[Start of Attachment]

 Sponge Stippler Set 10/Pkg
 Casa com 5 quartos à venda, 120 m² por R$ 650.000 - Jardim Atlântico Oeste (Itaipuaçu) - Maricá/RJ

[End of Attachment]
[Start of Attachment]

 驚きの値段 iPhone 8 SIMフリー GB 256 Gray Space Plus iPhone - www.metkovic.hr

[End of Attachment]

Above are the records. Print exactly, and only, the lines from the line with "Sponge Stippler Set 10/Pkg" to the line with "Casa com 5 quartos", both inclusive.

Task output:
 Sponge Stippler Set 10/Pkg
 Casa com 5 quartos à venda, 120 m² por R$ 650.000 - Jardim Atlântico Oeste (Itaipuaçu) - Maricá/RJ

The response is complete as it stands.